# International Kennel Club Dog Show



## outwest (May 1, 2011)

I am pretty sure that AKC is the only shows that require the continenal trim. The other shows allow the sporting cut.


----------



## CharismaticMillie (Jun 16, 2010)

Yes, she's talking about the big International Kennel Club of Chicago show - it's an AKC show and one of few that are Benched.


----------



## CharismaticMillie (Jun 16, 2010)

Specman said:


> I was at the International Kennel Club dog show yesterday and watched the judging of the miniature poodles. I was very surprised that there were a lot of cream poodles a few blacks and I don't think I saw a single white poodle. The other thing that surprised me was that the majority of dogs that were shown were in a puppy cut. I thought poodles over 1 needed to be shown in one of the standard show cuts.


Were you watching the puppy class? You are correct - poodles over 1 must be shown in either Continental or English Saddle. 
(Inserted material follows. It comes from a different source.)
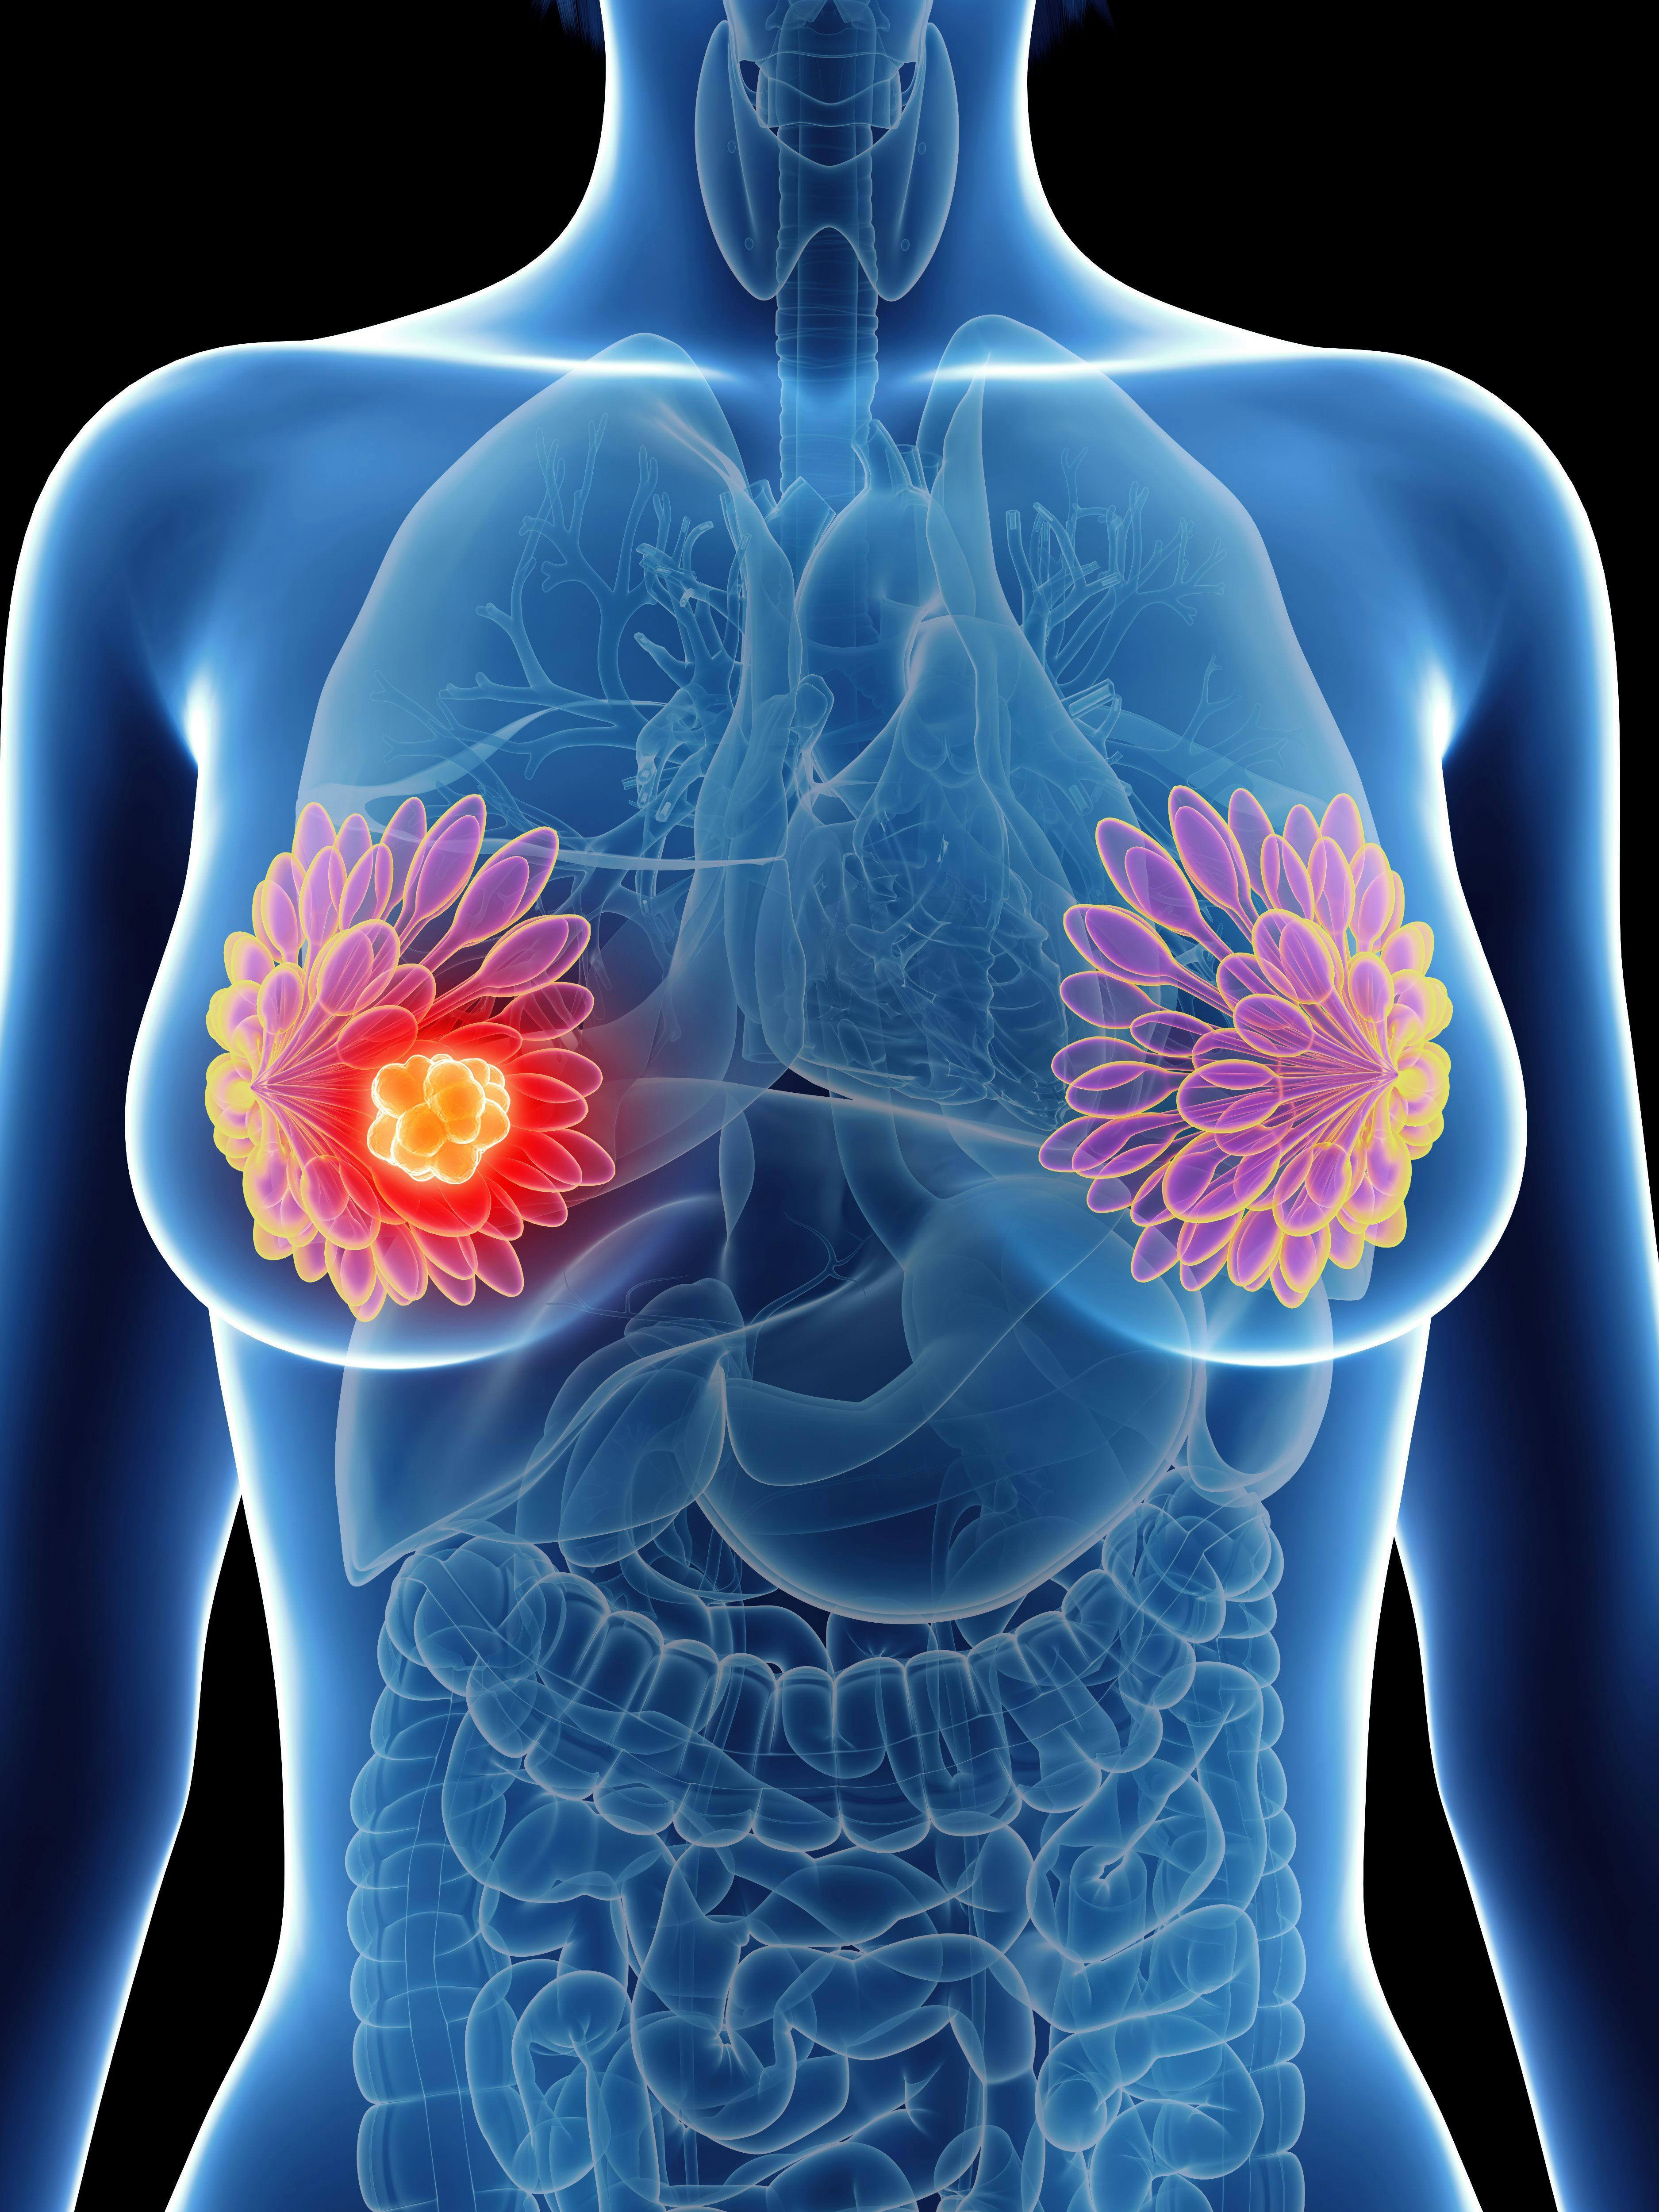 De-Escalation Trastuzumab/Pertuzumab ± Paclitaxel Yields Promising Responses in HER2+/HR– Early Breast Cancer

As far as color goes white/cream and black are definitely the most common. It's not entirely surprising that you'd see more creams than whites, as creams are a lot more prevalent than true white.


----------



## liljaker (Aug 6, 2011)

Specman: Funny, Sunny was groomed yesterday and his groomer had some discount tickets on the counter for the show that a client had left. I was going to perhaps go and thought it was next weekend at McCormick Place! Oh well. I just wanted to go and look at poodles, anyway, of course!


----------



## Specman (Jun 14, 2012)

Unfortunately I not sure want I was watching other than it was miniature poodles. It could have been a puppy class. There were about 6 poodles and only 1 was in a Continental. This was the only miniature class on Saturday. Its kind of tough for a novice to understand the whole process. I did not get a chance to see the standards being judged as they were running about 1 hour behind schedule and so was I!


----------



## N2Mischief (Dec 3, 2012)

Also if you were watching a puppy class, a lot of the whites start out with cream in their coats and then later become bright white. Misha has cream on her ears still though the rest of her has already turned white. The breeder tells me the cream on her ears will turn to white.


----------